The answer must reproduce the listing exactly, with every picture left out.
*** GIVEN MATERIAL Section Begins ***
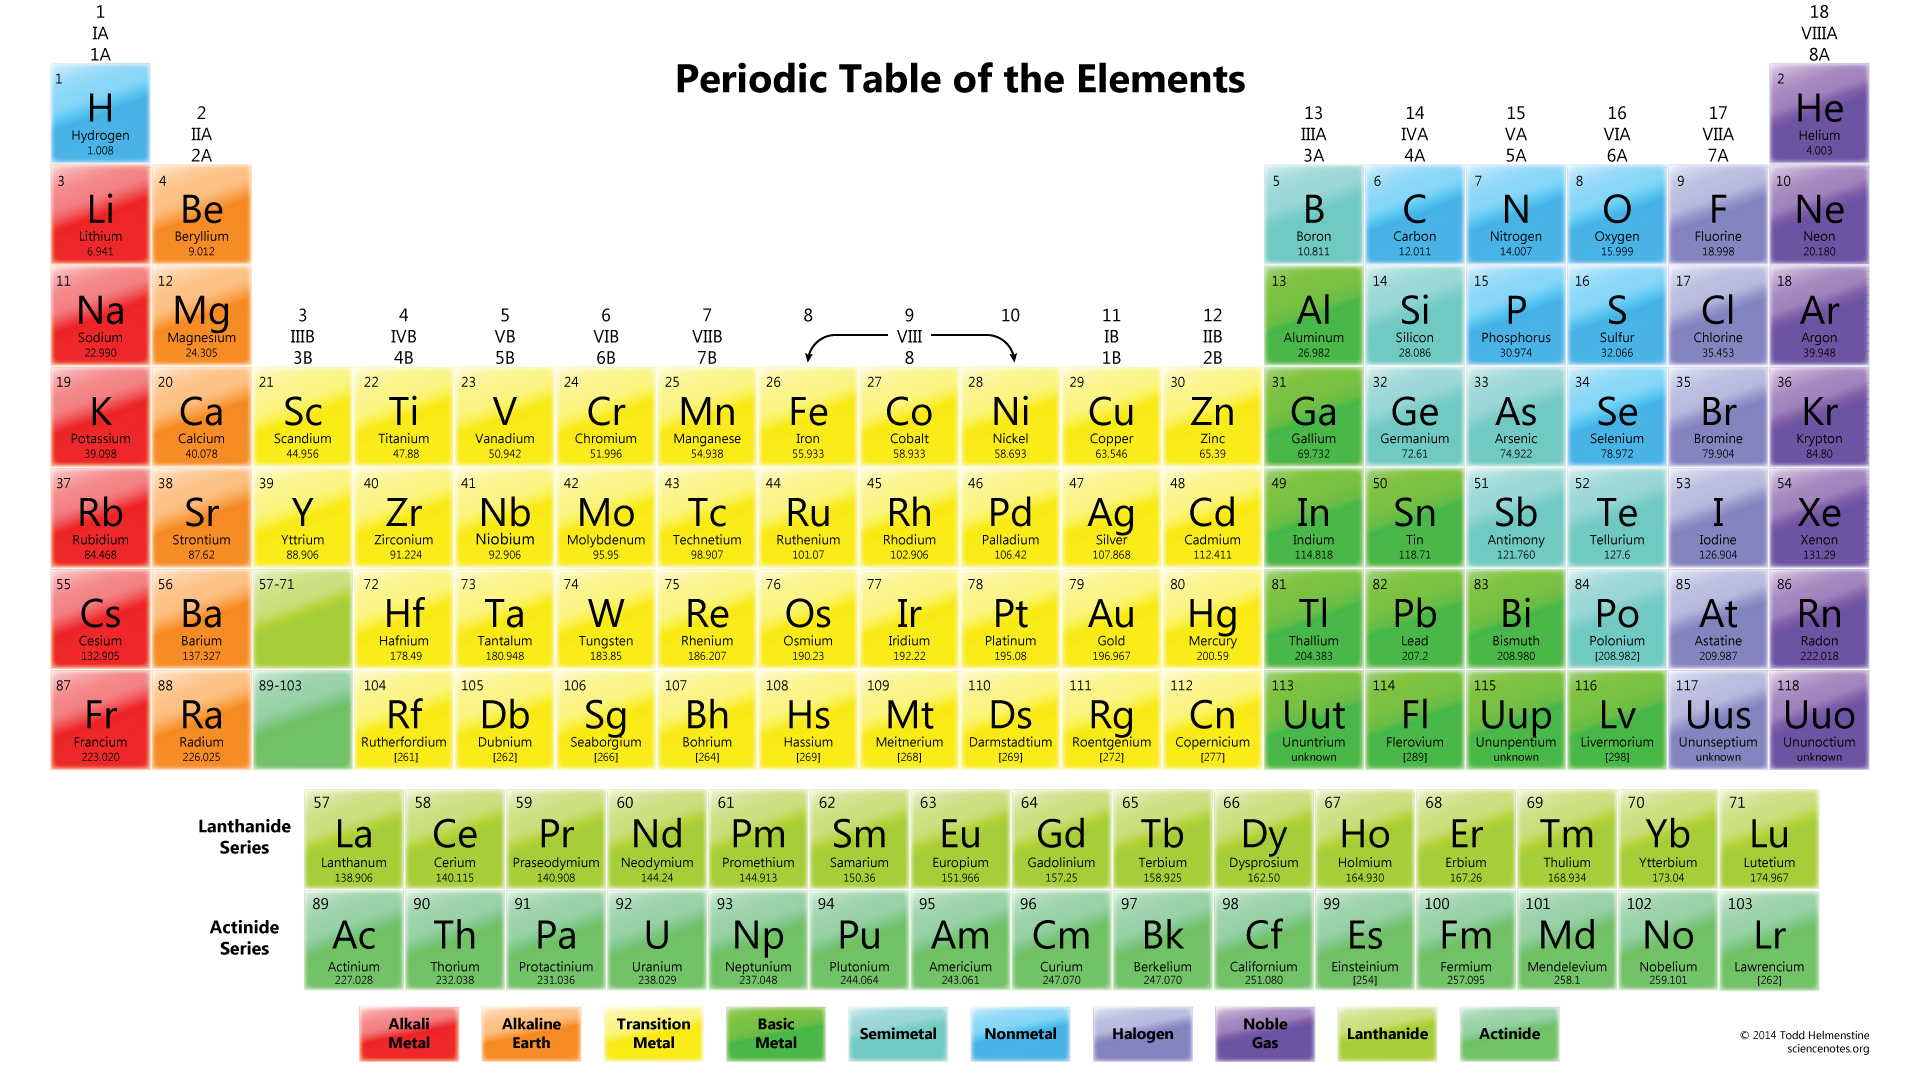 http://sciencenotes.org/colorful-periodic-table-wallpaper/
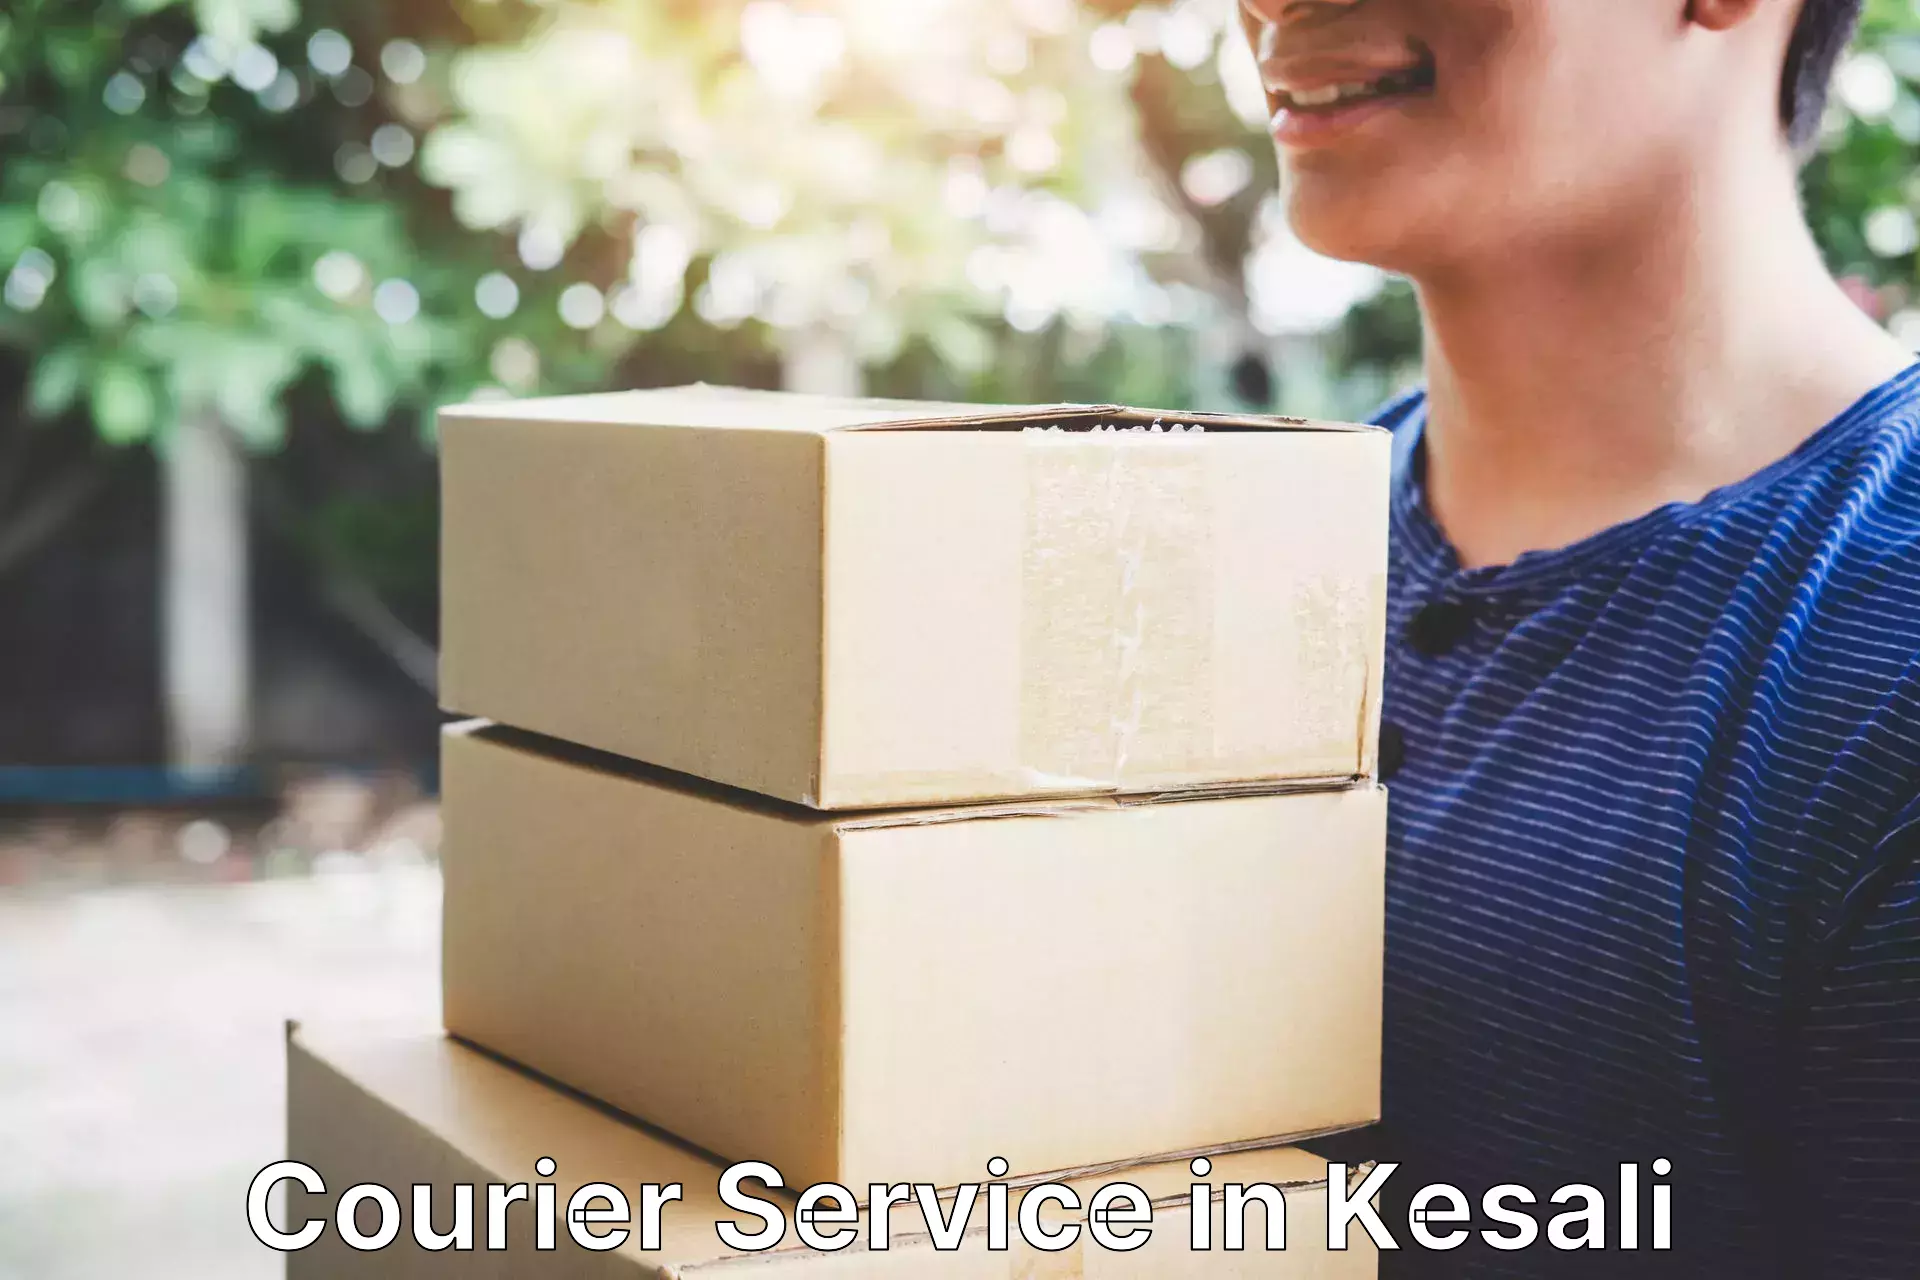 24-hour delivery options in Kesali
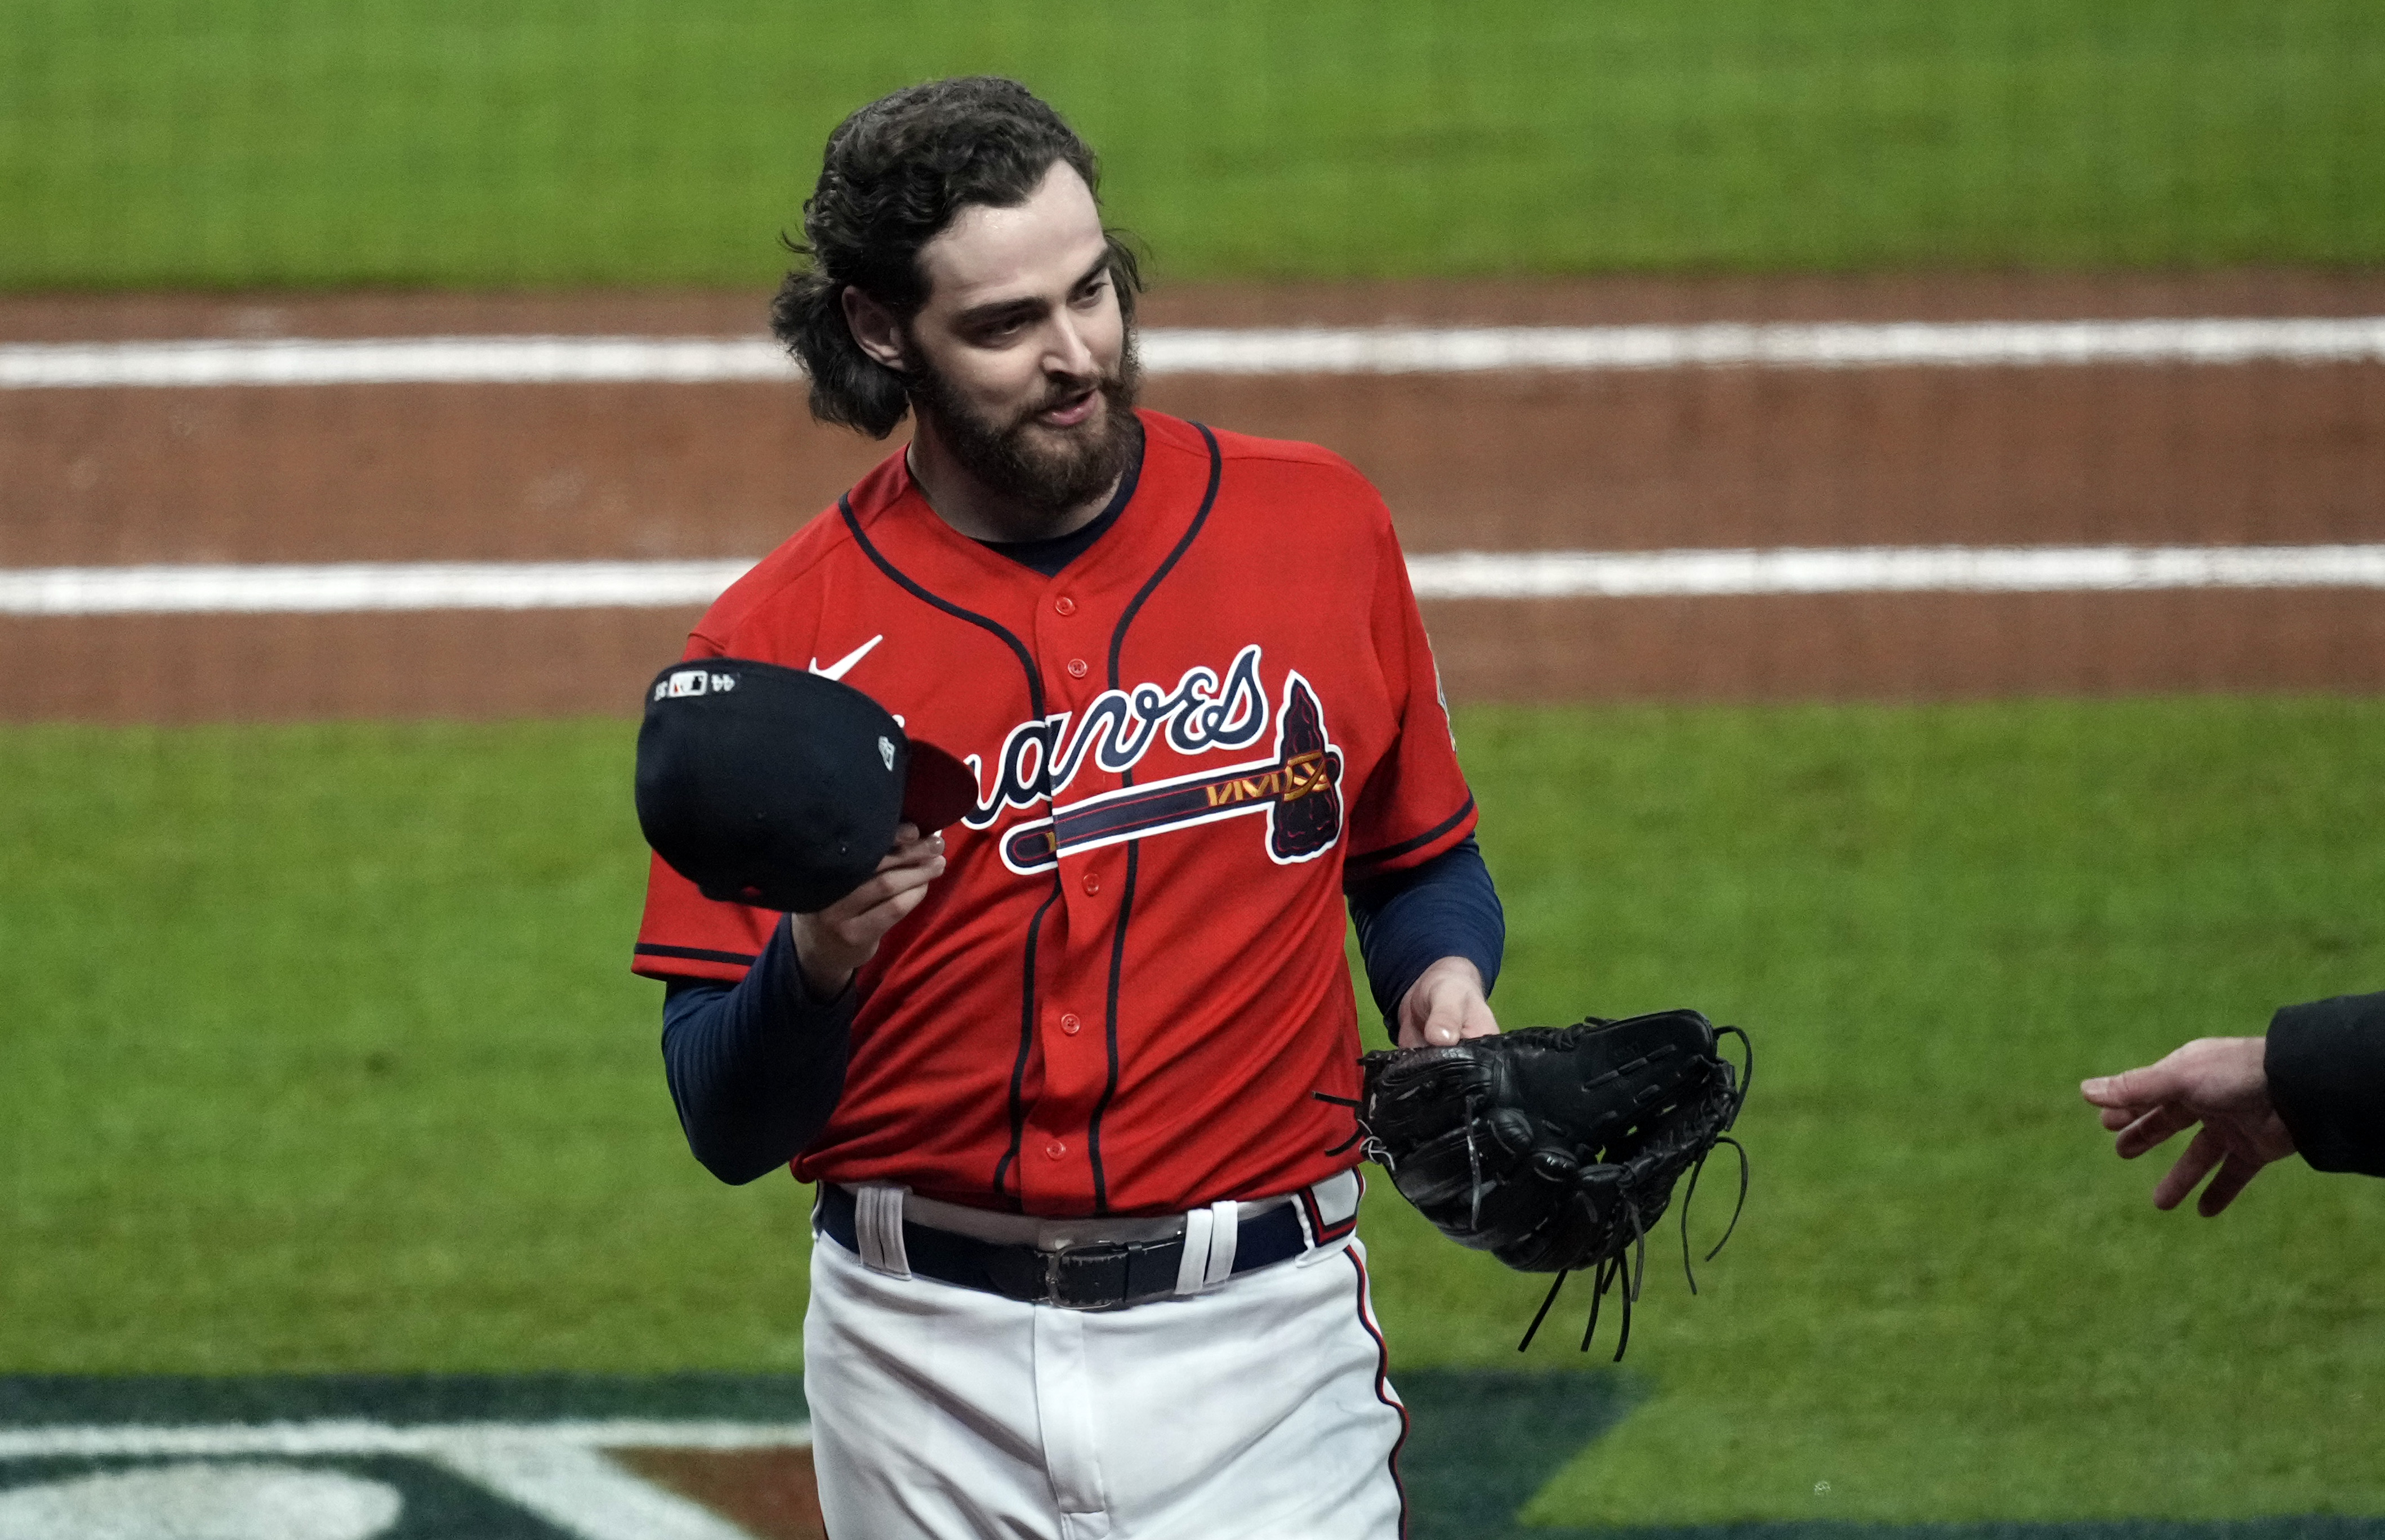 Gut' call to pull Anderson paid off for Braves in World Series
*** GIVEN MATERIAL Section Ends ***
> _SOLUTION TO THIS PROBLEM_
 http://sciencenotes.org/colorful-periodic-table-wallpaper/
 24-hour delivery options in Kesali
 Gut' call to pull Anderson paid off for Braves in World Series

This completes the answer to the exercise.